How physical activity protects the brain from aging
01-07-2022

How physical activity protects the brain from aging

Physical exercise has many benefits, including keeping muscles and bones strong, improving heart health, lowering blood pressure and promoting mental health. There are countless studies that confirm the important benefits associated with exercise and demonstrate that we should continue being physically active, particularly as we age. 

In a new study, scientists from UC San Francisco report that when elderly people stay physically active, their brains produce more of the proteins needed to enhance the connections between neurons (brain cells) and thereby maintain healthy cognitive function. 

“Our work is the first that uses human data to show that synaptic protein regulation is related to physical activity and may drive the beneficial cognitive outcomes we see,” said Kaitlin Casaletto, PhD, an assistant professor of neurology and lead author of the study. In the past, the beneficial effects of physical activity on cognition have been shown in mice but have been much harder to demonstrate in people. 

Casaletto, a neuropsychologist and member of the Weill Institute for Neurosciences, worked with William Honer, MD, a professor of psychiatry at the University of British Columbia and senior author of the study. They used data from the Memory and Aging Project at Rush University in Chicago that followed the late-life physical activity of elderly participants who, before they died, also donated their brains for scientific study after death.

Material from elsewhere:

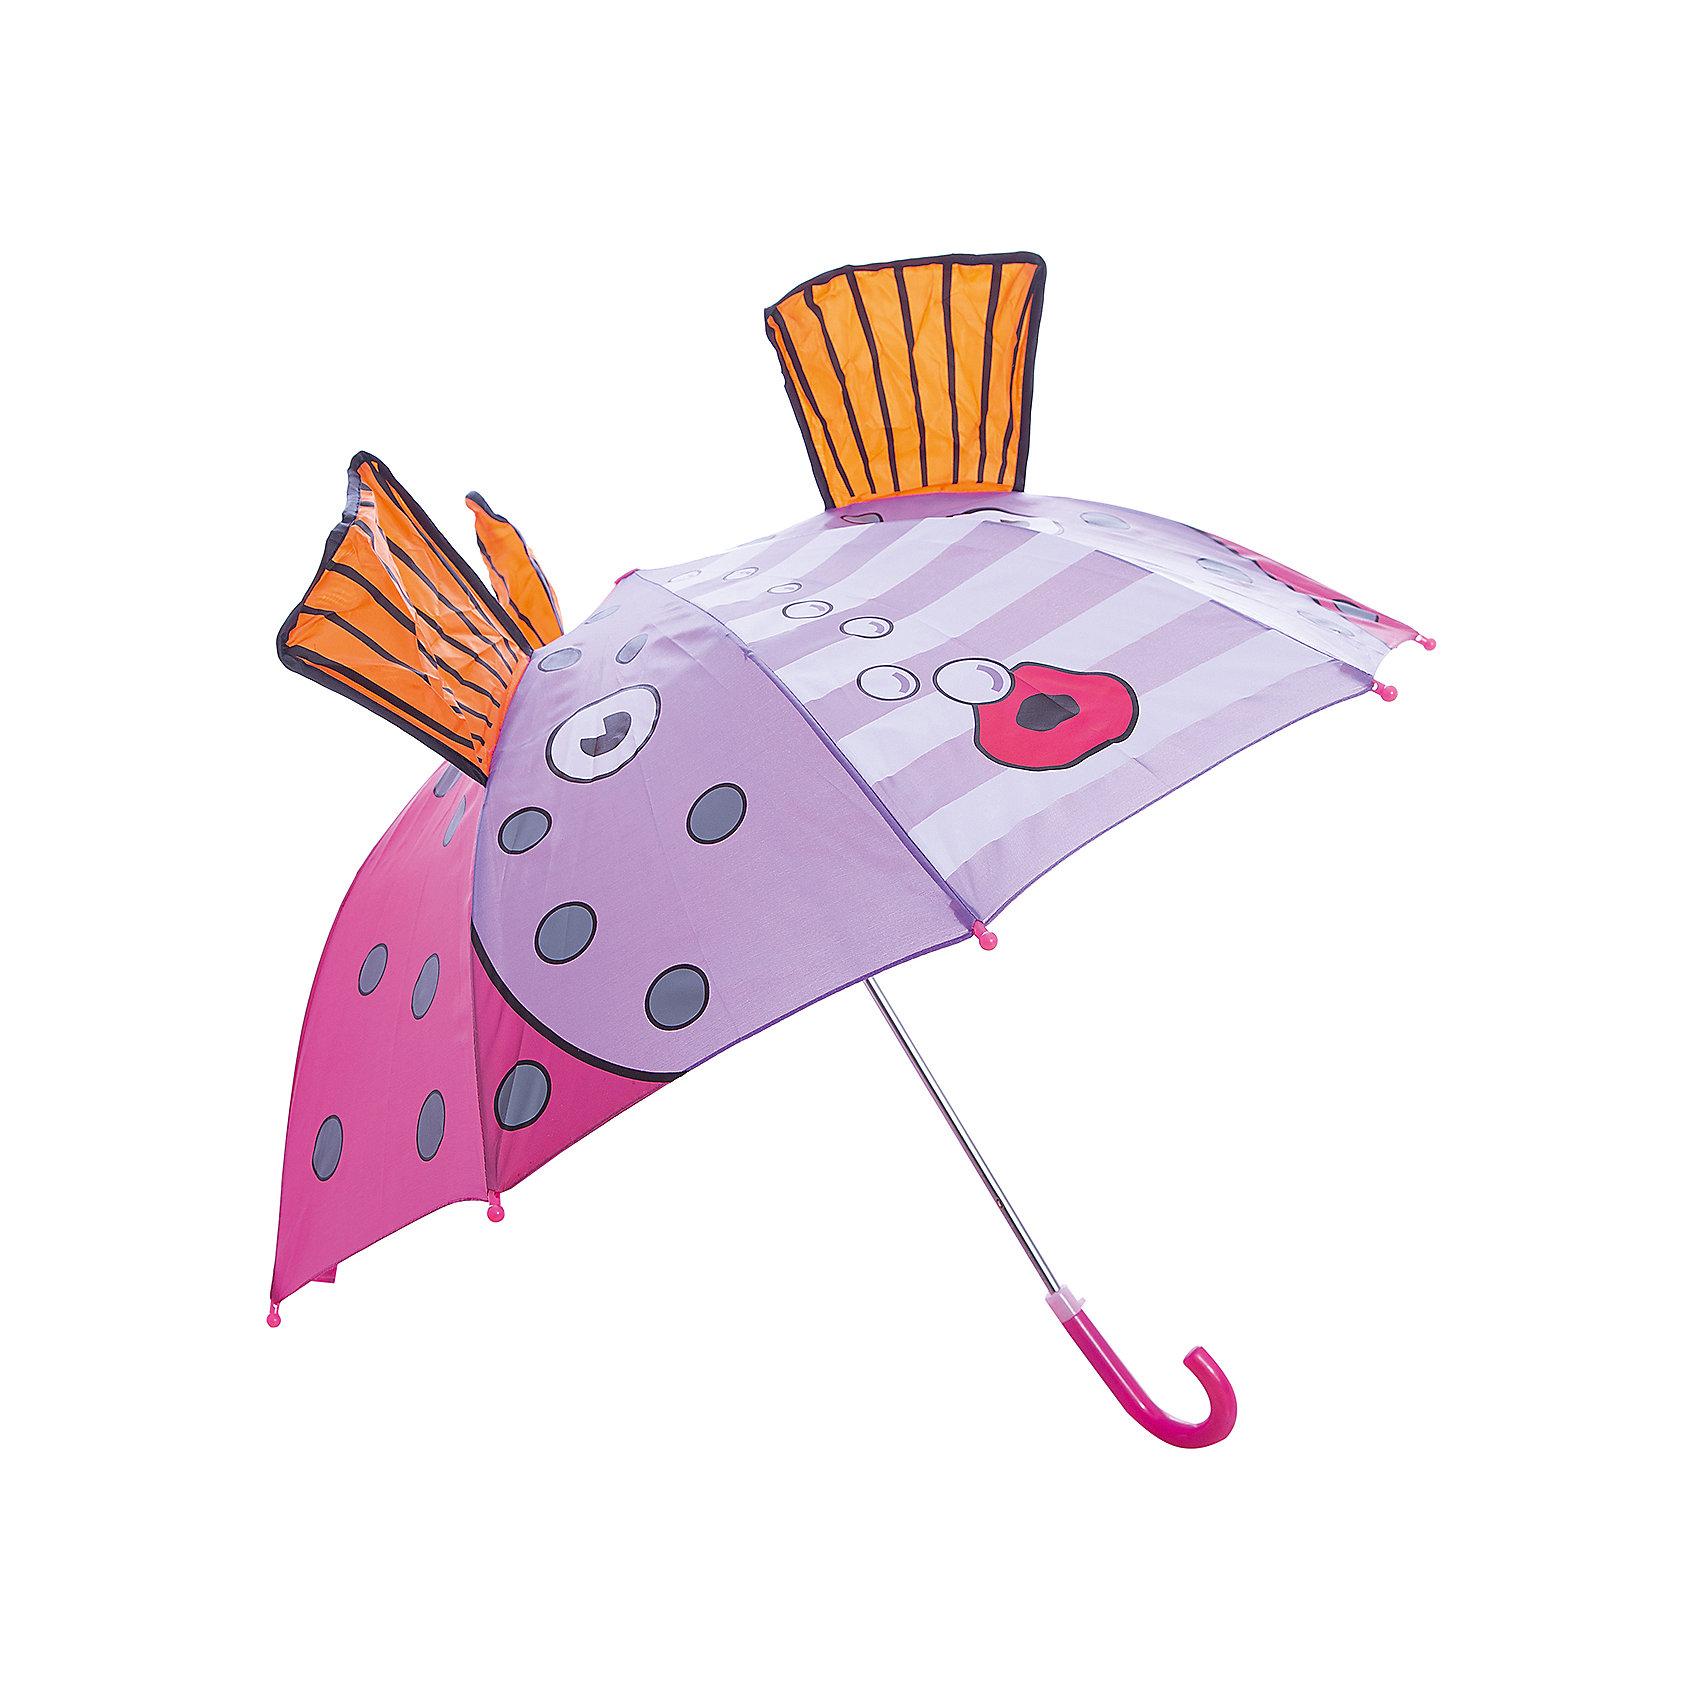 Зонт детский Золотая рыбка, 46см.Зонты детские<br>Зонт детский Золотая рыбка, 46см., Mary Poppins (Мэри Поппинс)<br><br>Характеристики:<br><br>• устойчив к ветру<br>• система складывания: механическая<br>• прочное крепление купола<br>• радиус купола: 46 см<br>• длина ручки: 57 см<br>• пластиковые насадки на спицах<br>• материал: текстиль, металл, пластик<br>• размер упаковки: 58х4х4 см<br><br>Зонтик Золотая рыбка от Mary Poppins порадует малыша в непогоду. Купол изготовлен из прочного непромокаемого материала, который легко очищается при необходимости. Для безопасности ребенка на спицах предусмотрены круглые пластиковые наконечники. Усиленная конструкция зонта не боится сильного ветра и дождя. Купол оформлен красочным изображением в виде рыбки и дополнен объемными плавниками.<br><br>Зонт детский Золотая рыбка, 46см., Mary Poppins (Мэри Поппинс) можно купить в нашем интернет-магазине.<br><br>Ширина мм: 580<br>Глубина мм: 700<br>Высота мм: 400<br>Вес г: 245<br>Возраст от месяцев: 36<br>Возраст до месяцев: 2147483647<br>Пол: Женский<br>Возраст: Детский<br>SKU: 5508510

Honer and Casaletto found that elderly people who remained active had higher levels of proteins that facilitate the exchange of information between neurons. Neurons are separated from each other by tiny gaps, known as synapses, and nerve impulses that travel along the nerve cells have to cross the gaps in order for the information to reach its destination (either the brain or peripheral muscles and glands). Proteins present in neurons just before and just after each synapse provide the chemical mechanism whereby information is transmitted and also link the neurons into cognitive networks. 

The results support previous research of Honer’s showing that people who had higher levels of these particular proteins in their brains when they died had been better able to maintain their cognition late in life. 

The presence of higher levels of these proteins was not only restricted to the area of the brain known as the hippocampus, which is the seat of memory. Other regions of the brain associated with cognitive function also showed higher levels of synaptic proteins present in elderly people who had remained physically active. 

“It may be that physical activity exerts a global sustaining effect, supporting and stimulating healthy function of proteins that facilitate synaptic transmission throughout the brain,” Honer said.

Most older adults accumulate amyloid and tau in their brains. These toxic proteins that are the hallmarks of Alzheimer’s disease form tangled masses within neurons and eventually block the synapses and prevent them from functioning effectively. This leads to the degeneration and death of the affected nerve cells. 

Casaletto previously found that the levels of synaptic proteins present in the spinal fluid of living adults, or in the brain tissue of autopsied adults, were indicative of synaptic functioning. Furthermore, when levels were low and synapses had degenerated, this was associated with the presence of the destructive amyloid and tau protein tangles. Thus, synaptic integrity appears to influence the relationship between amyloid and tau proteins, and between tau proteins and the further degeneration of neurons. 

“In older adults with higher levels of the proteins associated with synaptic integrity, this cascade of neurotoxicity that leads to Alzheimer’s disease appears to be attenuated,” Casaletto said. “Taken together, these two studies show the potential importance of maintaining synaptic health to support the brain against Alzheimer’s disease.” 

“Maintaining the integrity of these connections between neurons may be vital to fending off dementia, since the synapse is really the site where cognition happens,” she said. “Physical activity – a readily available tool – may help boost this synaptic functioning.”

The study is published today in Alzheimer’s & Dementia: The Journal of the Alzheimer’s Association.